Fidelity comparator — compare real vs synthetic data quality.

Produces a FidelityReport with per-column and per-table scores (0-100) based on statistical tests, distribution matching, null rates, and cardinality analysis.

Classes

ColumnFidelity dataclass

Fidelity metrics for a single column.

TableFidelity dataclass

Fidelity metrics for a table.

FidelityReport dataclass

Complete fidelity report comparing real vs synthetic data.

Methods:
summary()

Generate a plain-text summary.

to_markdown()

Generate markdown report.

failing_columns(threshold=85.0)

Return (table, column, score) tuples for columns below threshold.

Parameters:

Name Type Description Default
threshold float

Score threshold (0-100). Columns with score < threshold are included.

85.0

Returns:

Type Description
list[tuple[str, str, float]]

List of (table_name, column_name, score) tuples, sorted by score (lowest first).

to_dict()

Return a JSON-serializable dict representation.

to_dataframe()

Return a flat pandas DataFrame with one row per column.

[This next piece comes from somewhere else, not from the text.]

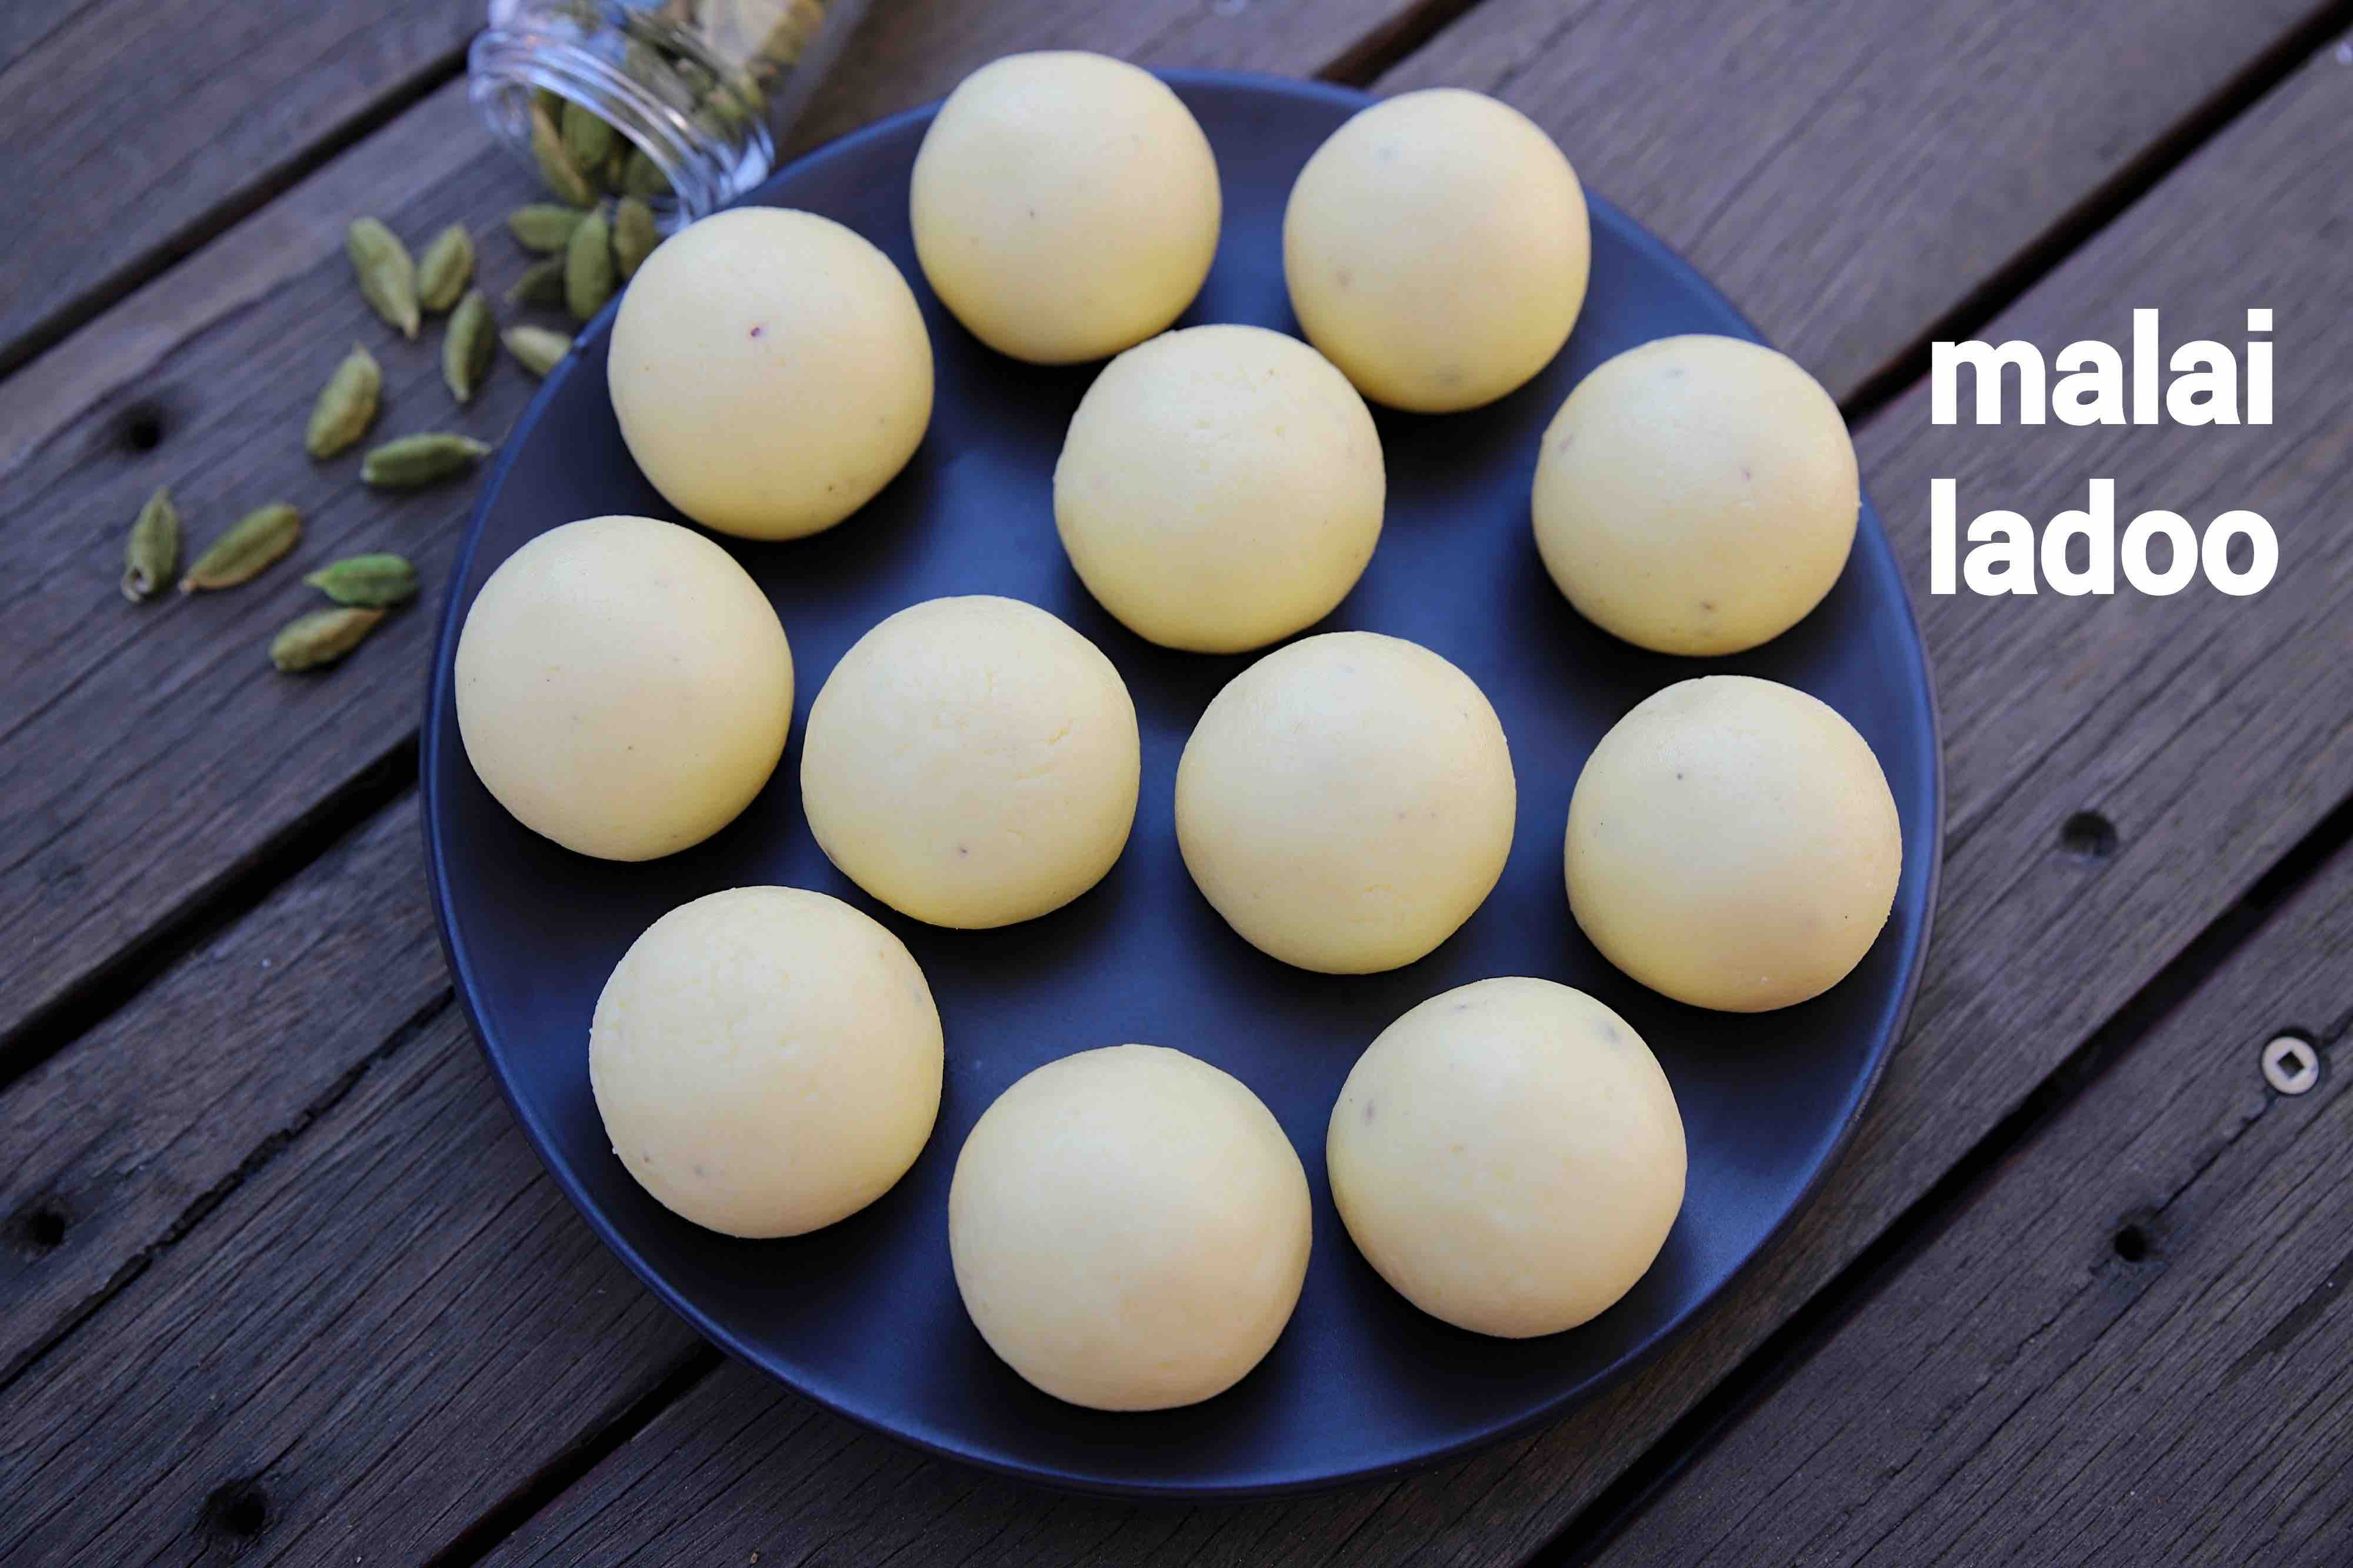 malai ladoo recipe | malai laddu | milk ladoo | paneer ladoo

to_html(title='Spindle Fidelity Report')

Render fidelity report as a self-contained HTML page.

Uses inline CSS — no external dependencies. Score bands: green ≥ 85, amber 70-84, red < 70.

score(real, synthetic, table_name='table', threshold=85.0) classmethod

Compare two DataFrames and return a FidelityReport.

Convenience classmethod for single-table comparison.

Parameters:

Name Type Description Default
real 'pd.DataFrame'

Real data DataFrame.

required
synthetic 'pd.DataFrame'

Synthetic data DataFrame to compare.

required
table_name str

Name for the table in the report (default: "table").

'table'
threshold float

Score threshold for failing_columns() (default: 85.0).

85.0

Returns:

Type Description
'FidelityReport'

FidelityReport comparing the two DataFrames.

FidelityComparator

Compare real and synthetic datasets to produce a fidelity report.

Methods:
compare(real, synthetic)

Compare real vs synthetic data across all shared tables.